** WHAT YOU ARE ASKED TO DO **
Write out the listing from the line with "Buy Decor Walther" to the line with "Lewis & Irene Geometrix - Blue Hex- GX4.4", both lines included, exactly and nothing beyond. Leave pictures out.

** RECORDS TO USE **

= = = = = = =

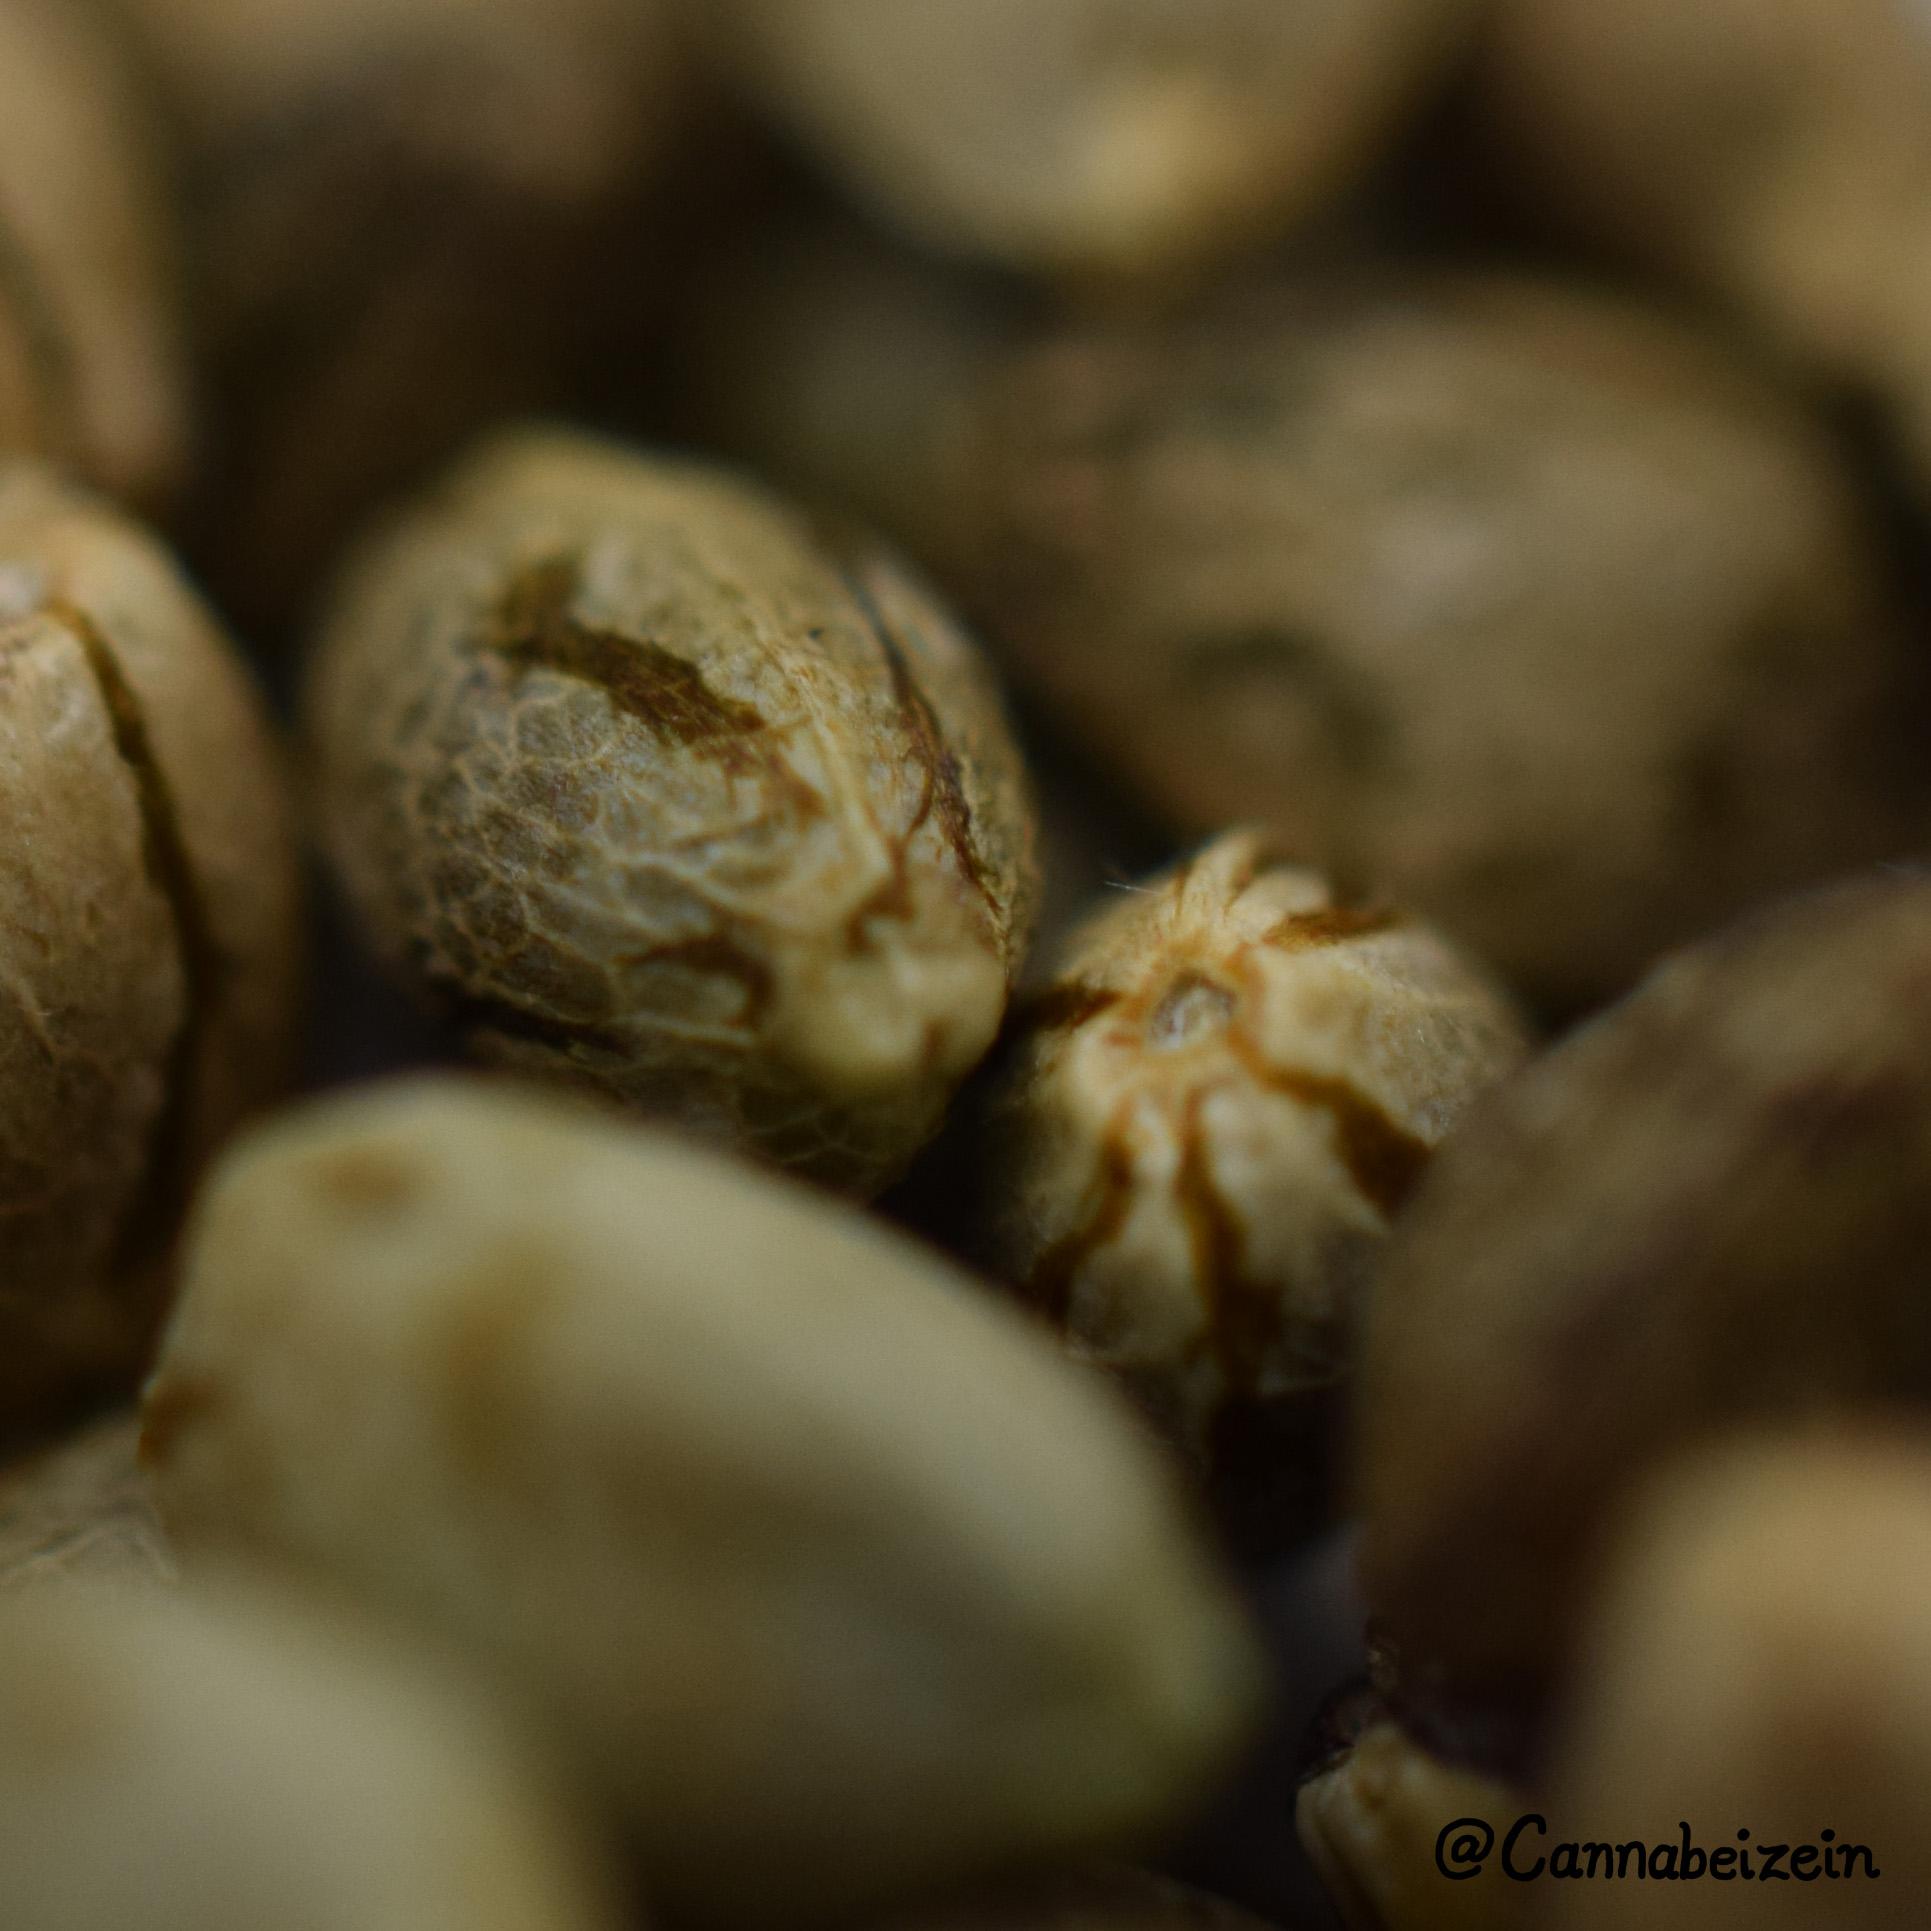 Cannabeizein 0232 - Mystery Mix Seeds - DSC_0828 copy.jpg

= = = = = = =

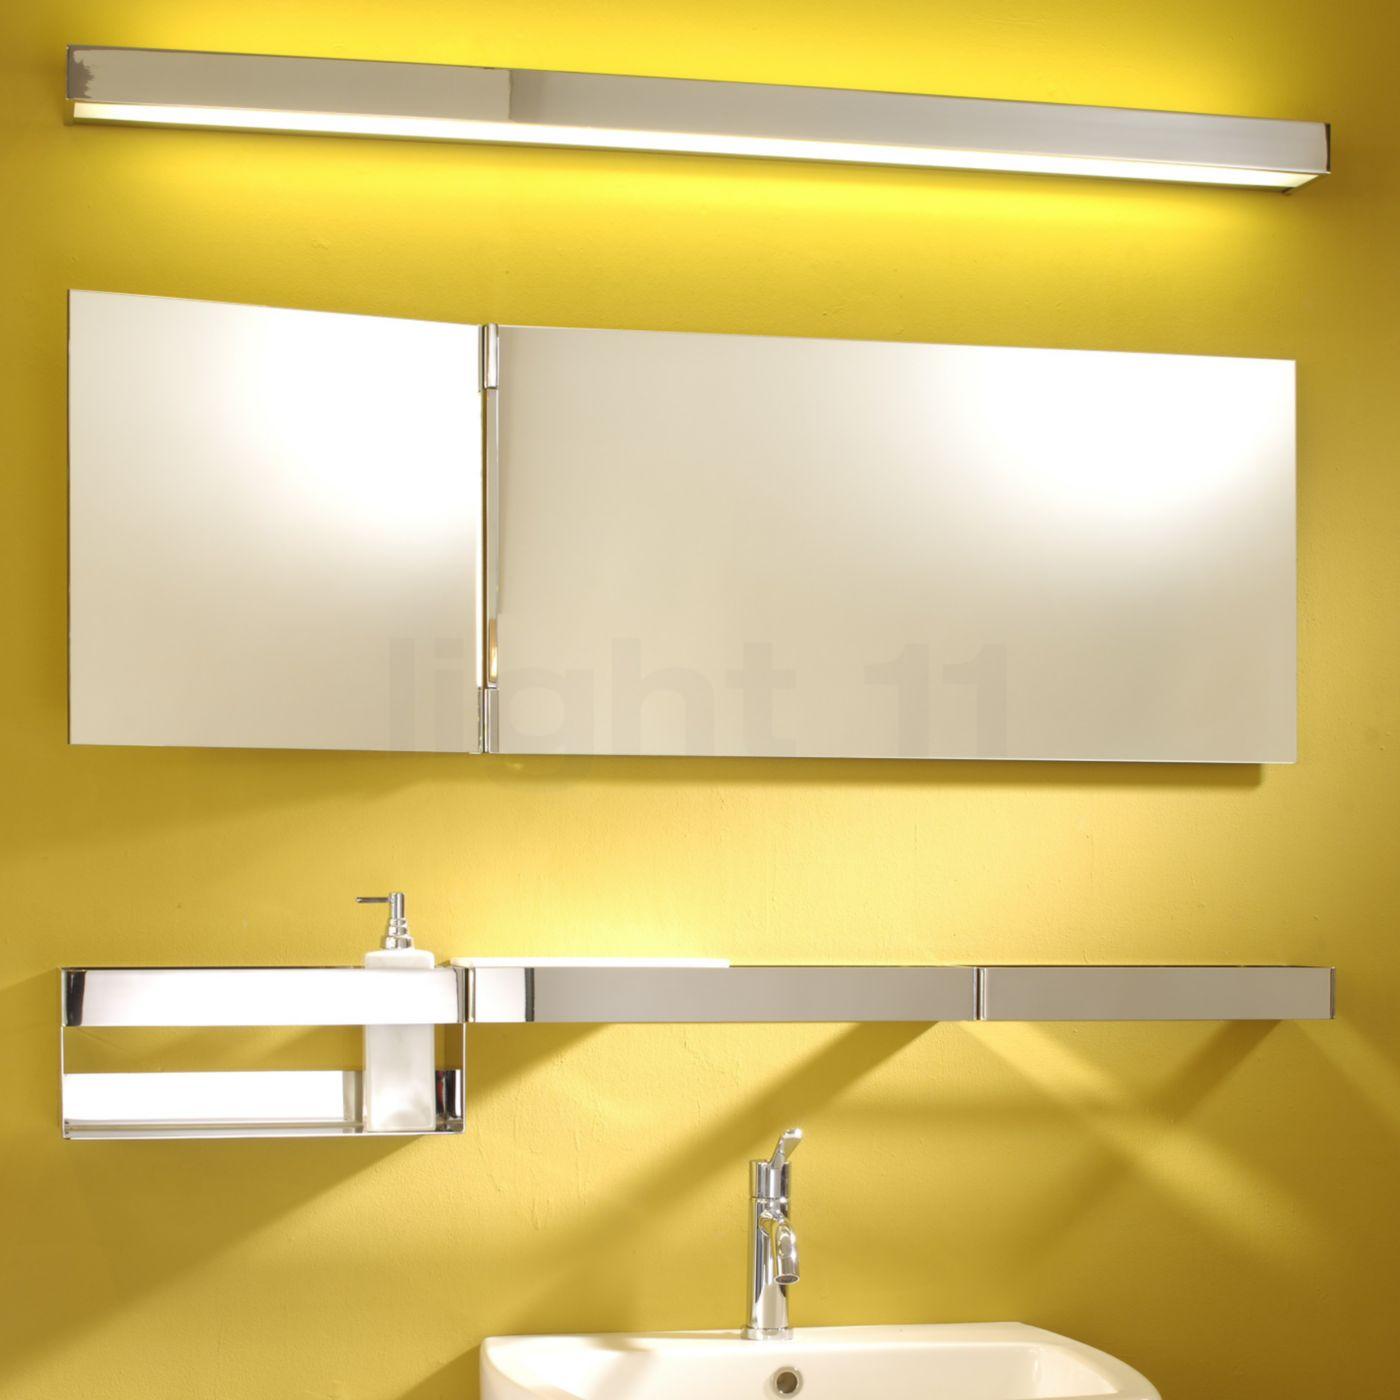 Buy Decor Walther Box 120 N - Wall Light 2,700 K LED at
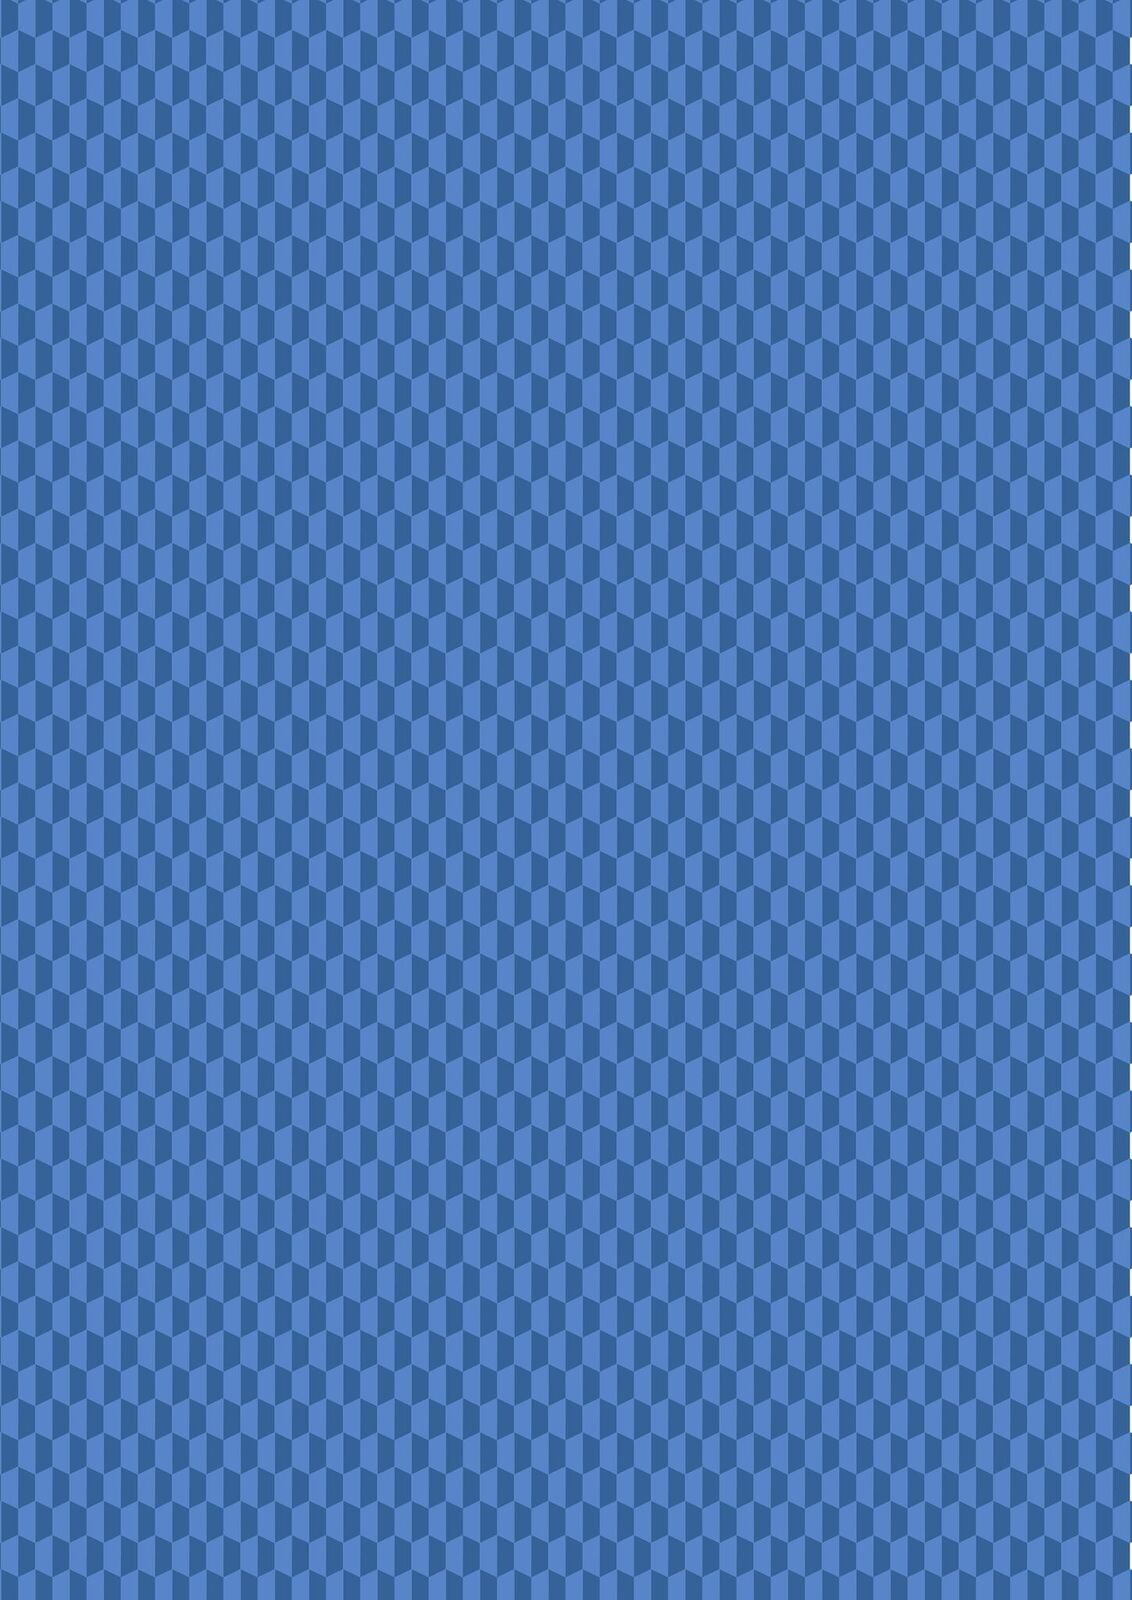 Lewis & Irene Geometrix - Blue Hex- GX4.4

= = = = = = =

** RESULT OF THIS EXERCISE **
 Buy Decor Walther Box 120 N - Wall Light 2,700 K LED at
 Lewis & Irene Geometrix - Blue Hex- GX4.4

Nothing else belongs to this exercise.